What final product will form when alcoholic KOH is treated with 1,1- dirbomoethane ?

To determine the final product formed when 1,1-dibromoethane is treated with alcoholic KOH, we can follow these steps: ### Step 1: Identify the Reactants 1,1-Dibromoethane (C2H4Br2) is a compound with two bromine atoms attached to the first carbon atom of the ethane chain.
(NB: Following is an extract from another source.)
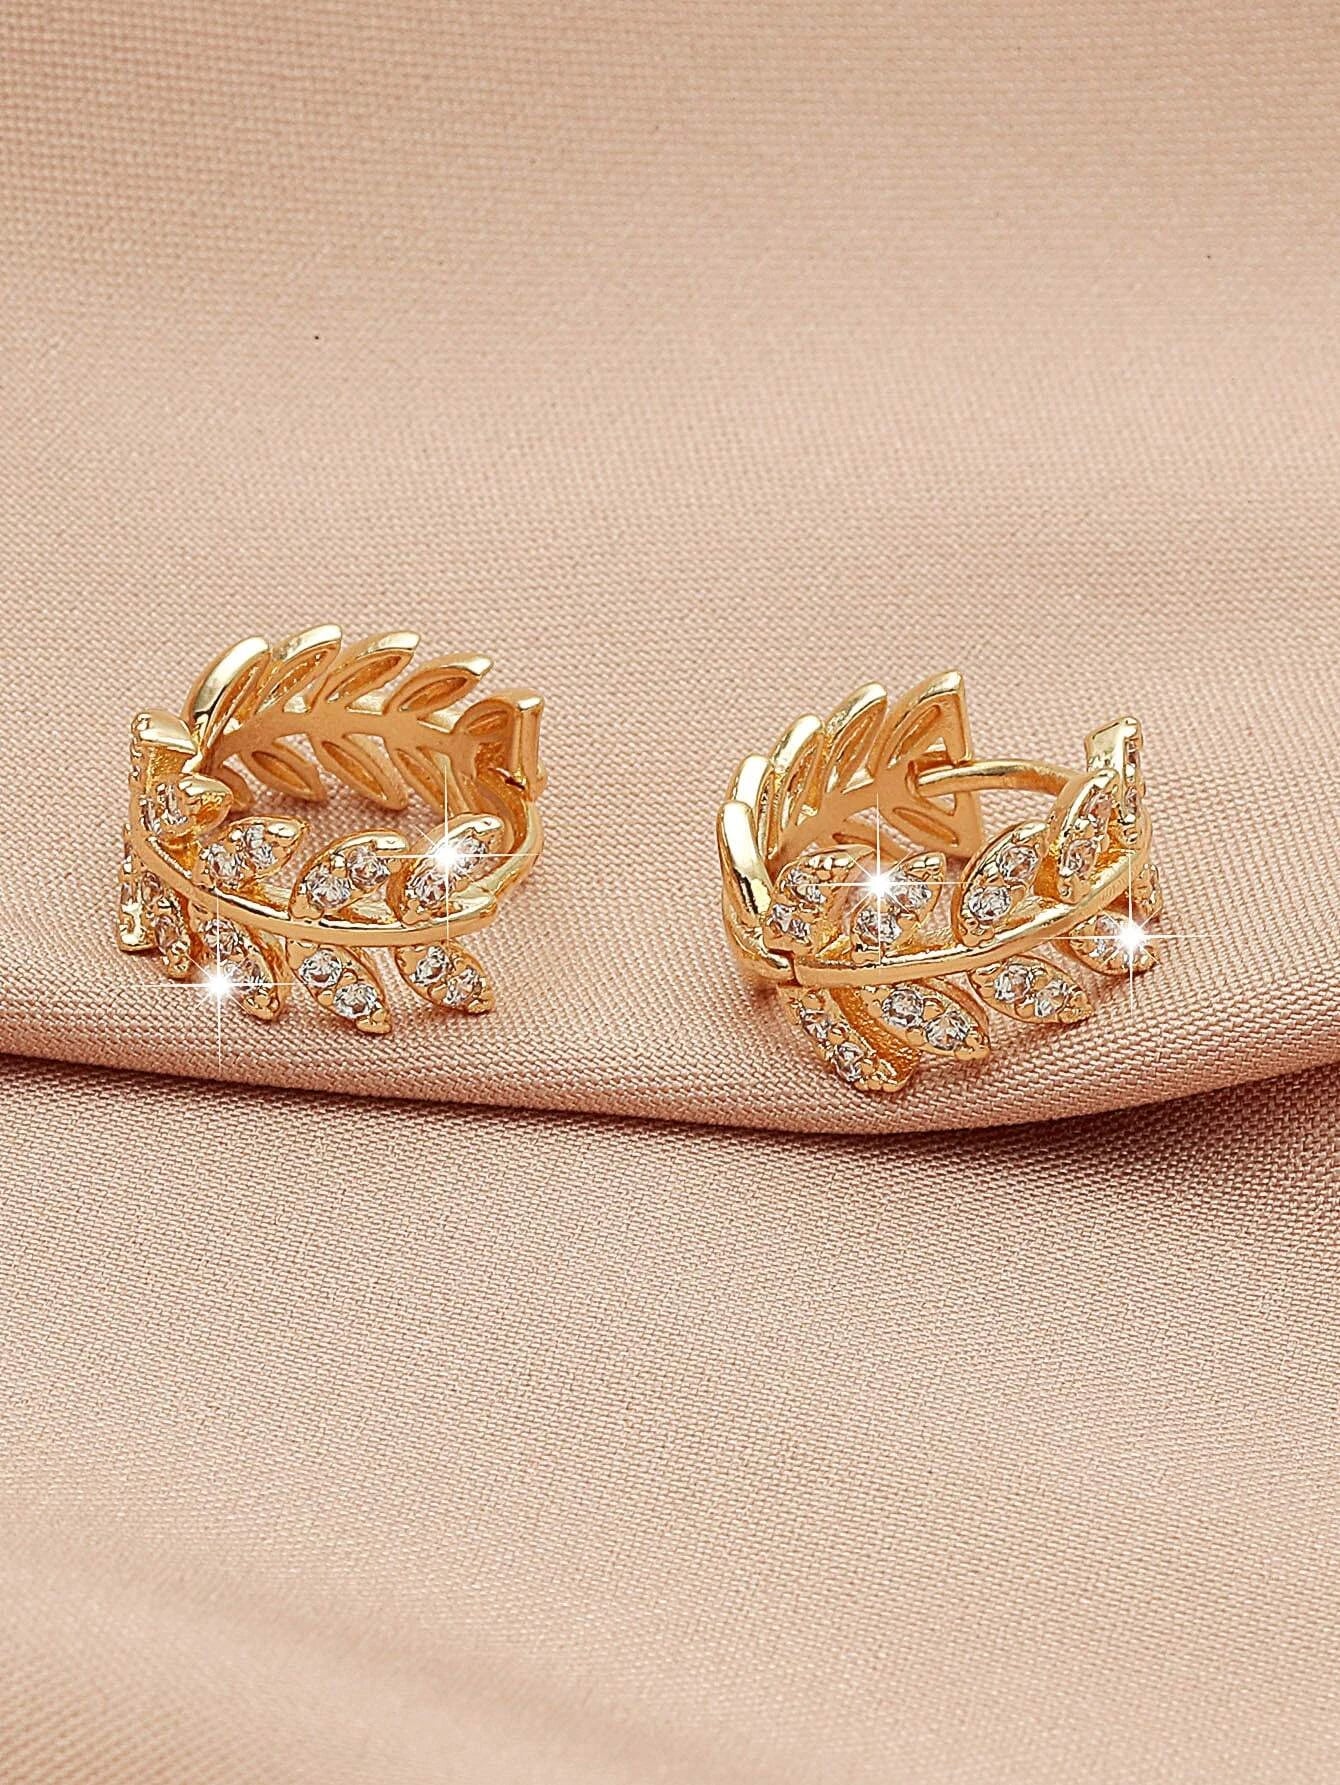 Shein Zircon Decor Leaf Design Earrings
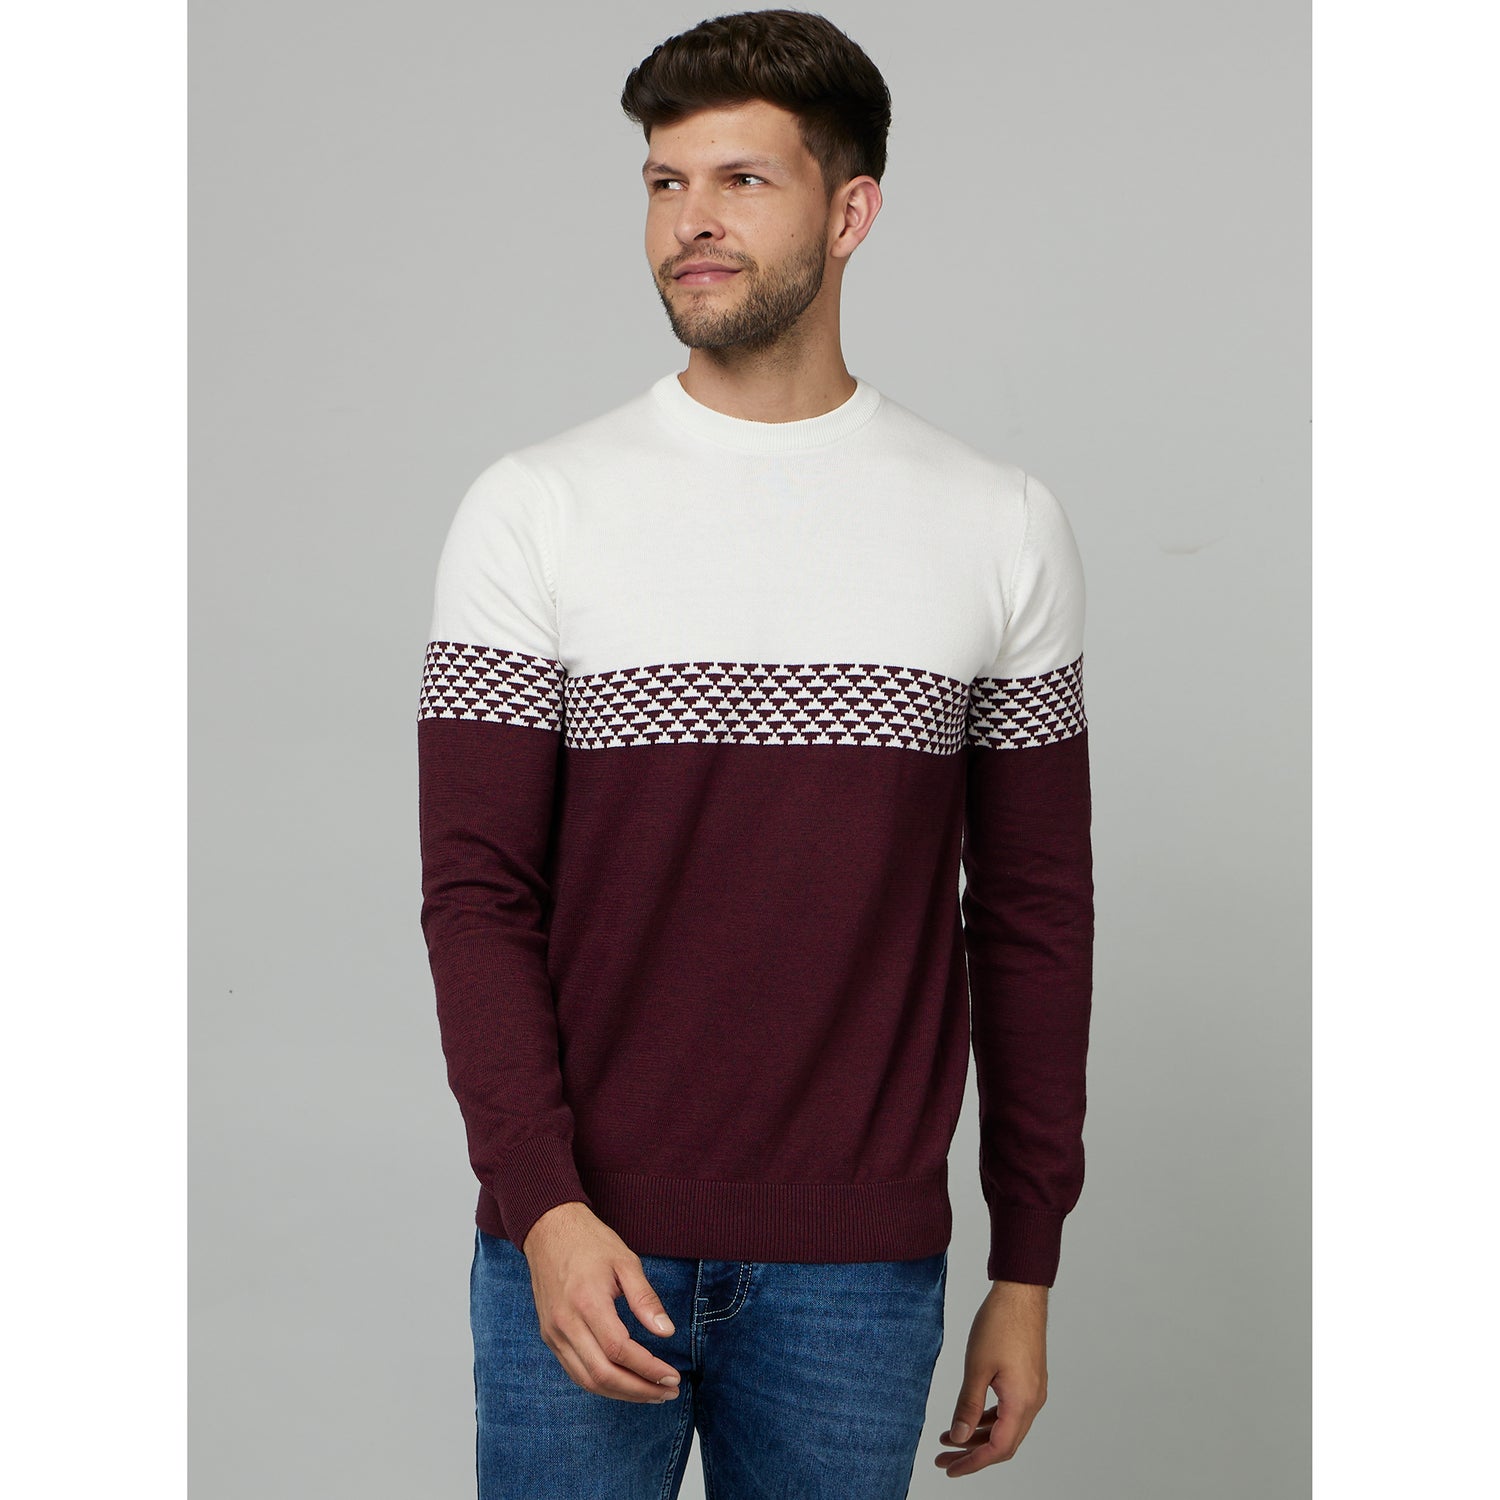 Burgundy Colourblocked Round Neck Cotton Sweatshirt (FEJAQ)

Alcoholic KOH is a strong base that can facilitate elimination reactions. **Hint:** Look for the structure of 1,1-dibromoethane to visualize the bromine atoms' positions. ### Step 2: Understand the Reaction Type The reaction between 1,1-dibromoethane and alcoholic KOH is a dehydrohalogenation reaction. This means that the reaction will involve the elimination of hydrogen halides (HBr in this case). **Hint:** Remember that dehydrohalogenation typically leads to the formation of alkenes or alkynes. ### Step 3: Mechanism of the Reaction 1. The alcoholic KOH will act on the 1,1-dibromoethane. The potassium (K) will bond with one of the bromine (Br) atoms, leading to the elimination of KBr. 2. The hydroxide ion (OH-) will abstract a hydrogen atom from the adjacent carbon, resulting in the formation of a double bond. **Hint:** Focus on how the elimination of Br and H occurs to form a double bond. ### Step 4: First Elimination After the first elimination, we will have: - CH2=CHBr (vinyl bromide) **Hint:** Keep track of the changes in the molecular structure after each step. ### Step 5: Second Elimination Now, the vinyl bromide (CH2=CHBr) will undergo a similar reaction: 1. KOH will again react, with K bonding to Br and OH- taking H from the carbon adjacent to the Br. 2. This results in the formation of a triple bond. The final product after the second elimination will be: - C≡C (ethyne or acetylene) **Hint:** Consider the stability of the formed product and the type of bonds created during the reaction. ### Step 6: Identify Side Products Along with the main product (ethyne), the side products of the reaction will be: - 2 KBr (from the two eliminations) - 2 water molecules (from the hydroxide ions abstracting hydrogen) **Hint:** Always account for the by-products formed during the reaction. ### Conclusion The final product formed when 1,1-dibromoethane is treated with alcoholic KOH is ethyne (acetylene). The side products are KBr and water. **Final Answer:** Ethyne (C2H2) is the main product formed.